Bulletin from extraordinary general meeting in AAC Clyde Space AB (publ)
- Satellite Evolution
- Apr 22, 2021
- 2 min read

At the extraordinary general meeting in AAC Clyde Space AB (publ) held on Thursday 22 April 2021 at 09.30 a.m. (CET) via postal ballot, the following resolutions were adopted:
Resolution to approve the board of directors' resolution on issue of warrants against payment in kind
The general meeting resolved to approve the board's resolution of 31 March 2021 on issue of warrants against payment in kind, subject to the approval by a general meeting. According to the resolution, the warrants may only be subscribed for by the shareholders of Omnisys Instruments AB. 556454-6686 with the right and obligation for the subscribers to pay for the subscribed warrants by contributing payment in kind in terms of shares in Omnisys. The issue include no more than 20,492,845 warrants. Each warrant entitles the holder to subscribe for one (1) new share in the Company. The subscription price of a new share, through exercise of a warrant shall correspond to the quota value of the Company's shares (currently SEK 0.04).

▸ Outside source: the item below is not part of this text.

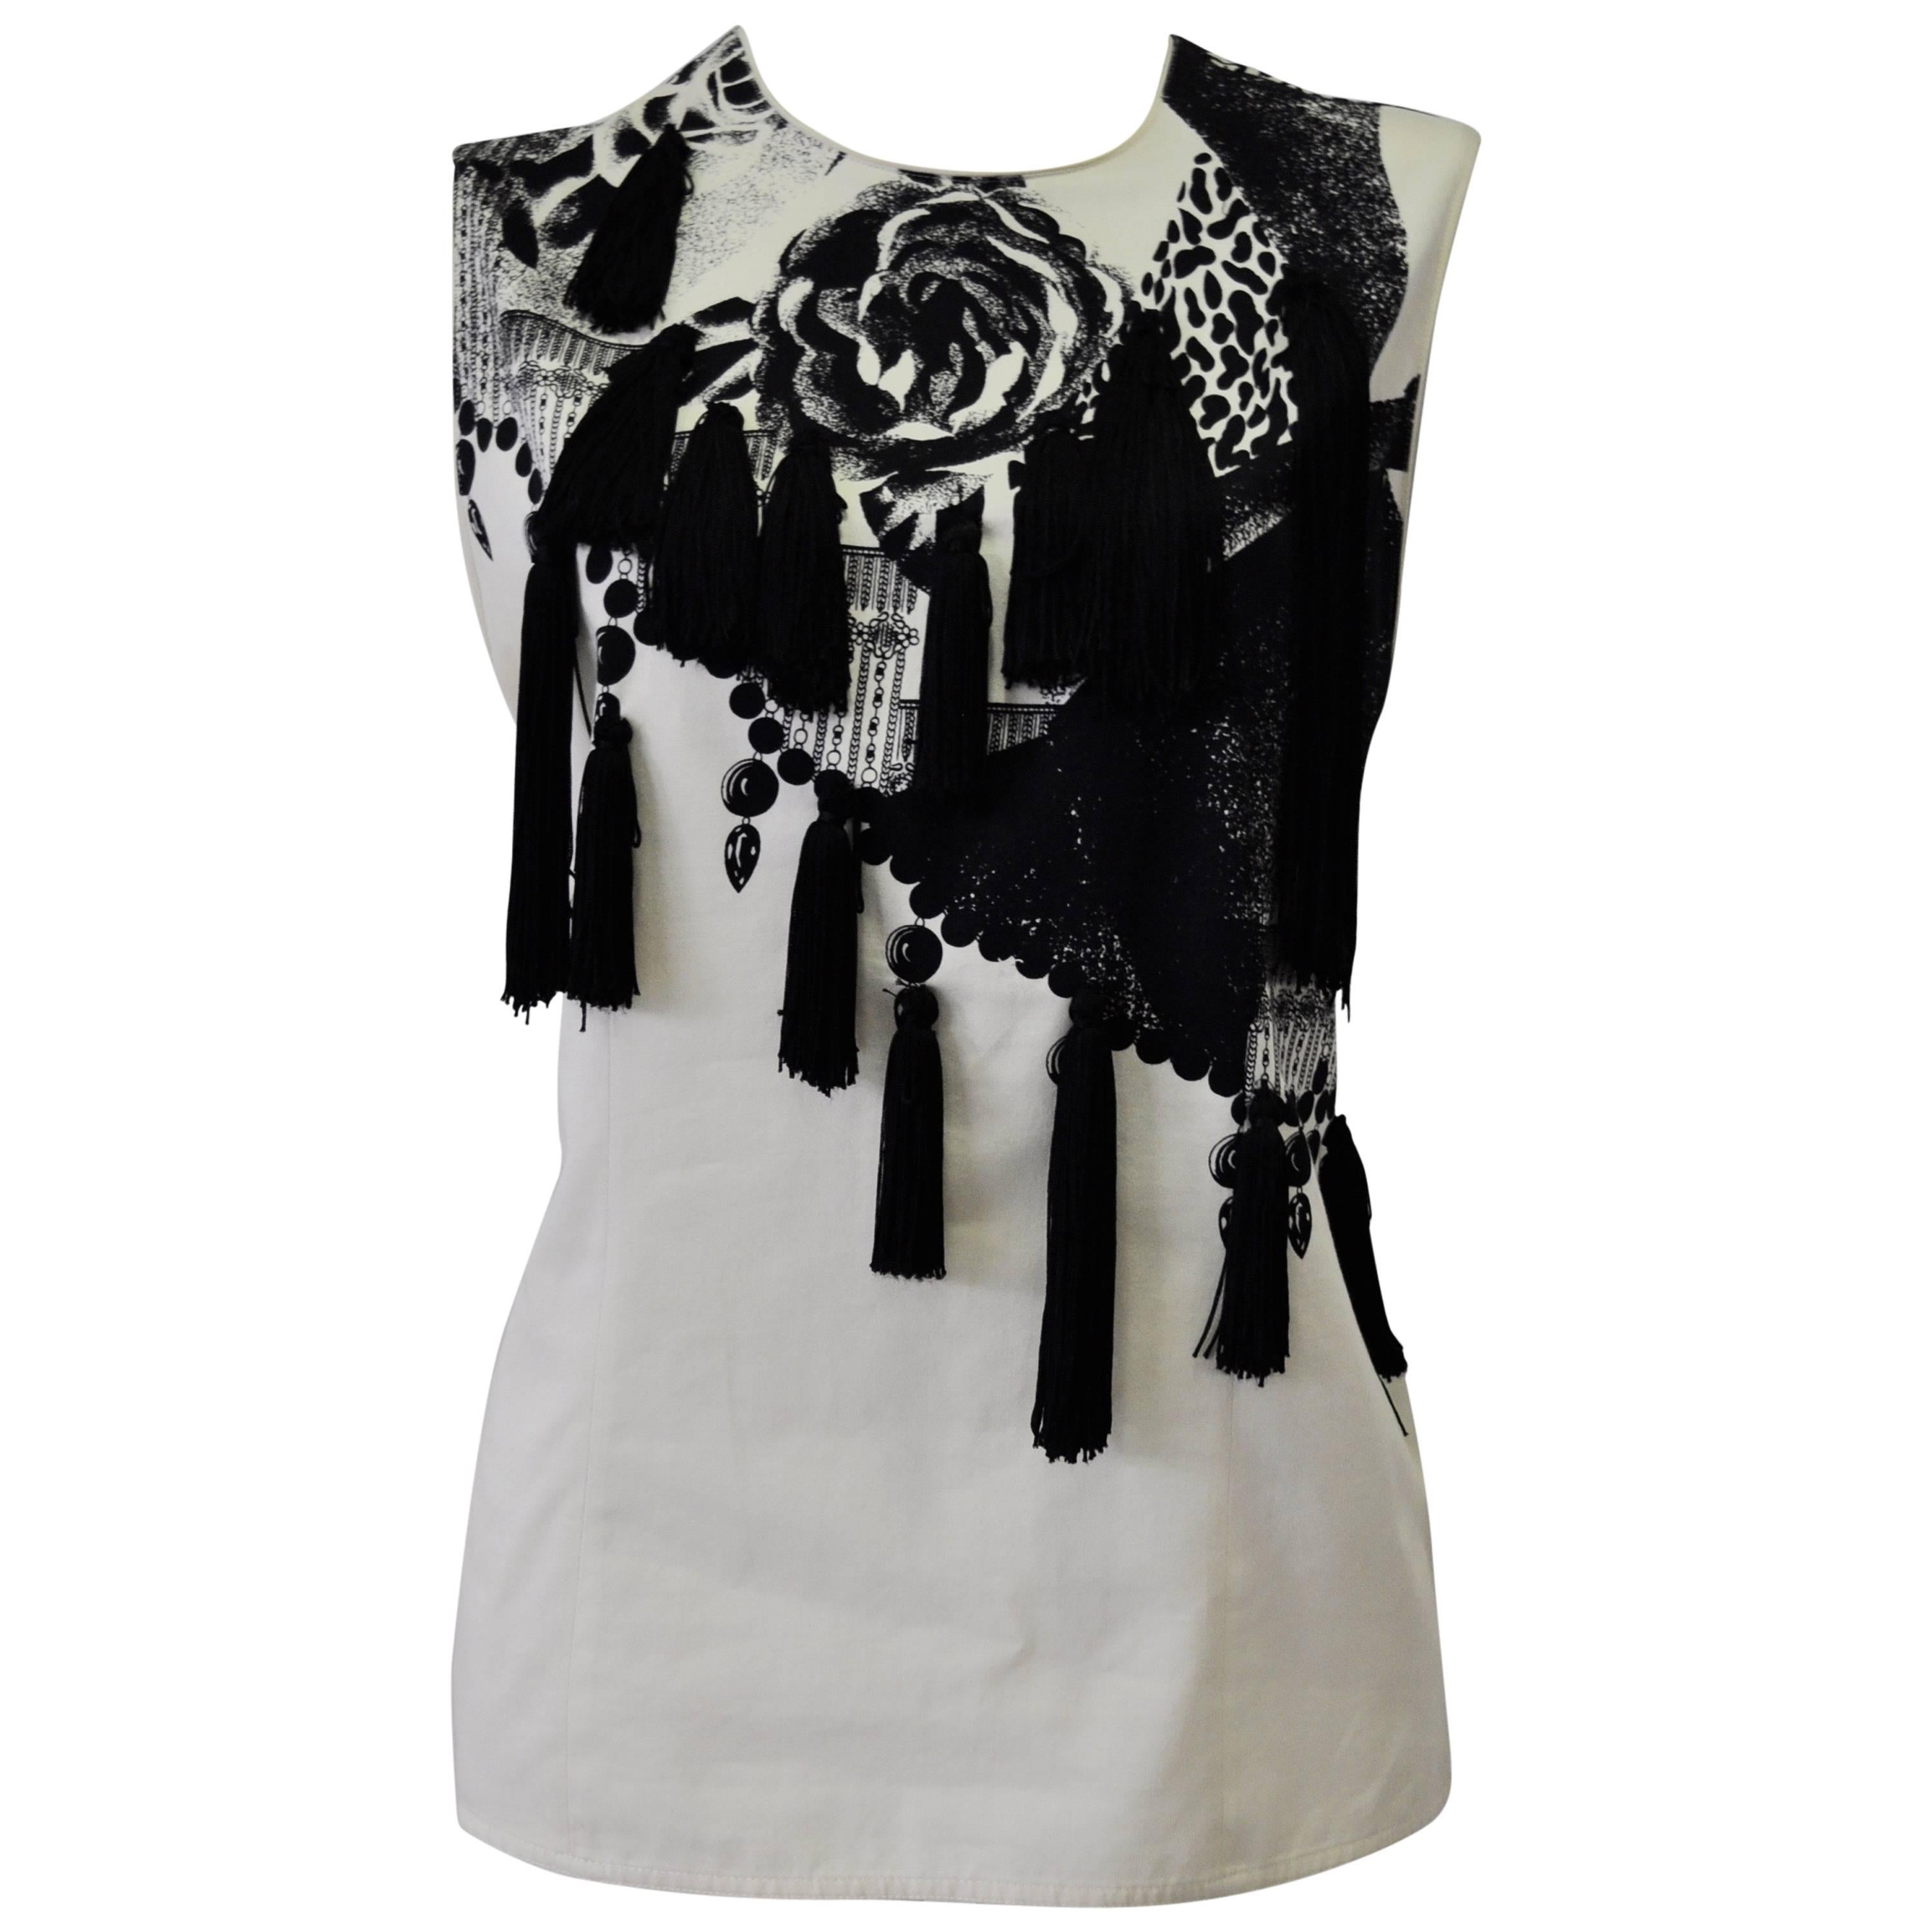 Gianni Versace Abstract Floral Leopard Print with Ornate Tassels Top For Sale

Resolution to approve the board of directors' resolution on new issue of shares with deviation from the shareholders' preferential rights
The general meeting resolved to approve the board's resolution of 31 March 2021 on a new issue of shares with deviation from the shareholders' preferential rights, subject to the approval by a general meeting. Through the resolution the Company's share capital may be increased with not more than SEK 1,568,627.44 through the issuance of not more than 39,215,686 new shares. The new shares are issued against a subscription price of SEK 2.55 per share. The subscription price has been determined by the company's board of directors in consultation with its financial advisors based on a book-building process among institutional investors. Therefore, the board of directors' assess that the subscription price is in accordance with market conditions. The right to subscribe for the new shares belongs, with derogation from the shareholders' pre-emption rights, to the investors who have notified their interest in the book-building process.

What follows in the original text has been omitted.